Dear Reviewer, we hope our explanations on the contribution of our work and interpretation of the LDS, additional experiments on stitch-LFADS and nonlinear dynamical systems, and the modification to the Contribution, Related work, and Discussion section address your concerns. Looking forward to your reassessment!

审稿意见
6

The authors propose CANDY, a dimensionality reduction method for neural data that fits a shared LDS over multiple sessions with aligned embeddings. A key step is using a contrastive loss to align embeddings based on the continuous behavioural label associated with each time point. This encourages the learned embeddings to group together neural data points with similar behaviours, even across sessions. They apply the method to one ground truth simulation, and a couple datasets. One interesting finding is that the contrastive loss is necessary to find behaviourally relevant embeddings, and simply using a supervised behavioural loss is not sufficient.

优缺点分析

Strengths:

This is a really nice paper with a cool idea to align latents using their behavioral labels by leveraging contrastive learning.The claims are generally well supported, and the analyses of the contribution of the contrastive loss are interesting.

As far as I know the model is a novel application of an existing rank-based contrastive loss to a new problem regarding alignment of neural dynamics (although I am not an expert on contrastive learning so I am not 100% sure on the novelty). It is certainly a step forward compared to CEBRA or DFINE. I believe the model will be broadly interesting to NeurIPS and the analyses of the contrastive loss offers some insights regarding the important considerations for aligning latents. I can certainly see future researchers building upon this idea for new alignment algorithms.

It's well written and clear for the most part, which I appreciated as a reviewer.

Weaknesses:

Although I really like this submission and find it to be high quality overall, there are two fundamental points that really should be improved.
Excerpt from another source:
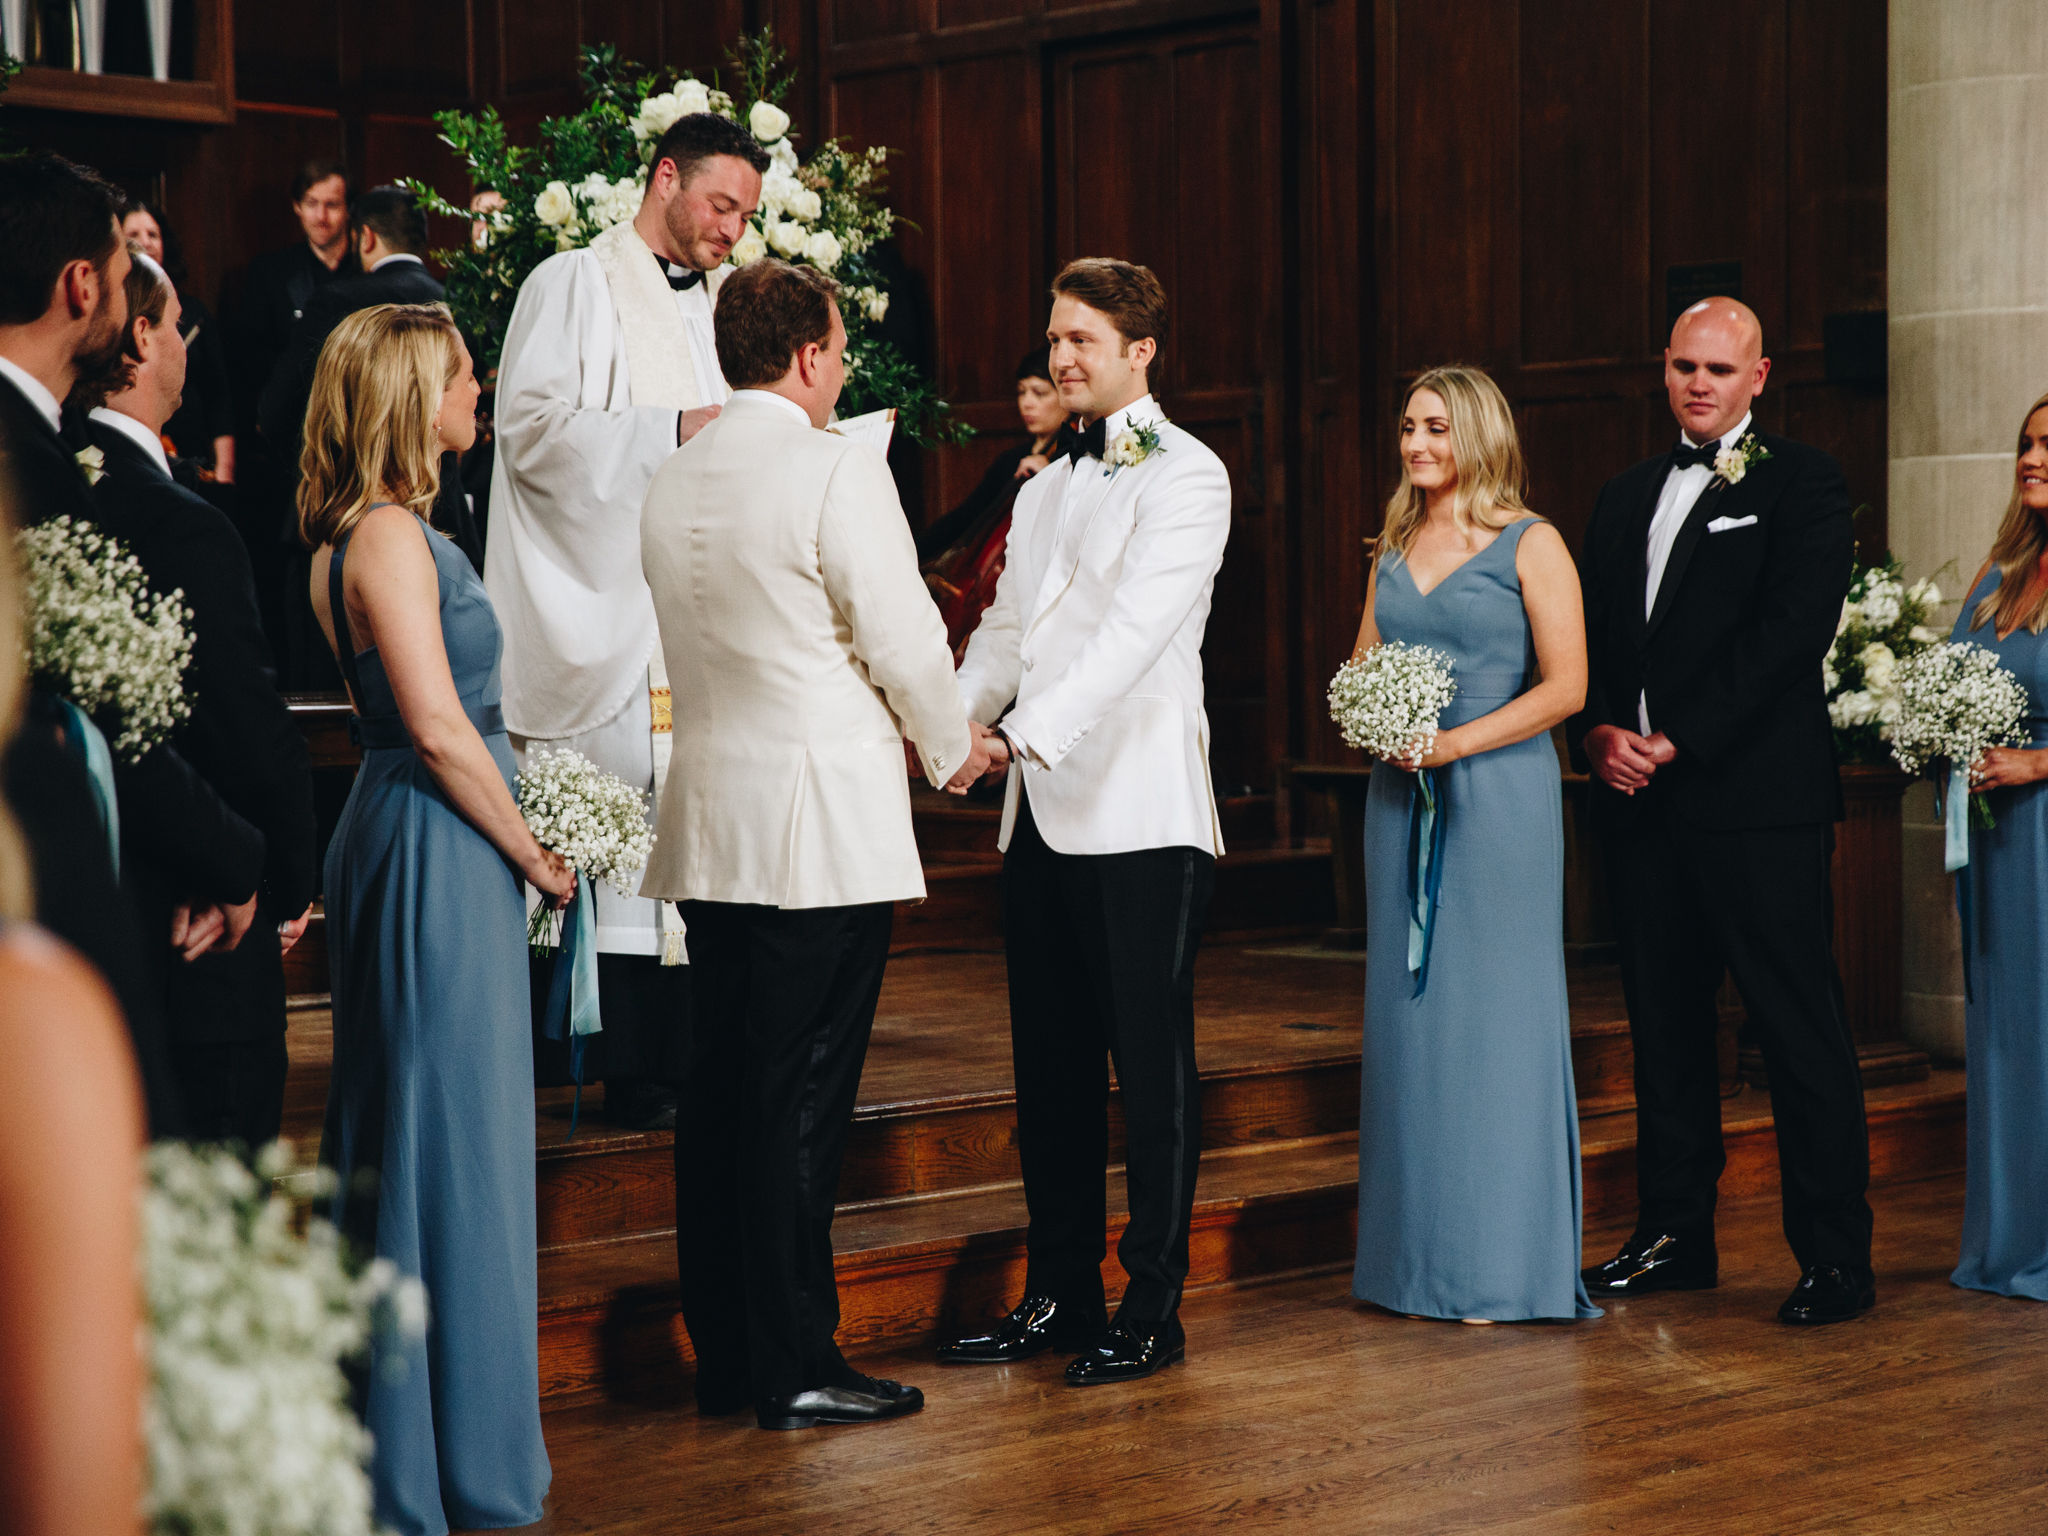 Two grooms marrying in Wightman Chapel

  • The method is demonstrated in two neuroscience data sets, although one dataset receives much more attention in the main text. But the paper is missing ground truth experiments on out-of-sample data.
  • The discussion is very short and should be expanded to include more limitations and relationship to other work on latent dynamics inference and contrastive learning in neuroscience.

问题

  • Line 112, definition of S_h,j, I think that should be \leq, not \geq. Is that a typo?
  • The ground-truth analyses (section 4.1) should include examples of where the model breaks down. For example, what happens if the behavioural readout is highly nonlinear, or worse yet if the mapping varies from session to session?
  • Lines 260-266: Can the authors give more details here? Is the model trained from scratch only trained on a single session?
  • In neuroscience experiments, it is sometimes unclear if different animals are using the same dynamical strategies to perform a task. Is the model robust to different latent dynamics across sessions? Can it be used to discard sessions that are deemed too dynamically different from the other sessions?

局限性

Somewhat. The authors could be clearer about the limitations of their model and when they expect it to fail, for example in out-of-sample data where there may be session-specific nonlinearities.

最终评判理由

The authors have made a strong case for CANDY, including promising results in comparison to stitch-LFADS, and helpful clarifications about the difference between their model and competitors. I think the model hits the perfect balance between simplicity and expressivity to make an impact in neuroscience. Inferring latent dynamics across sessions is a very important question in neuroscience, and this is one of the few methods I've seen that tries to do this while maintaining an interpretable architecture. The authors therefore have my full support for this paper.

格式问题

n/a

作者回复

Thank you for this summary, which hits the mark perfectly. We appreciate your support of our manuscript and the constructive feedback throughout the review. Please find below our point-by-point responses to your questions and comments.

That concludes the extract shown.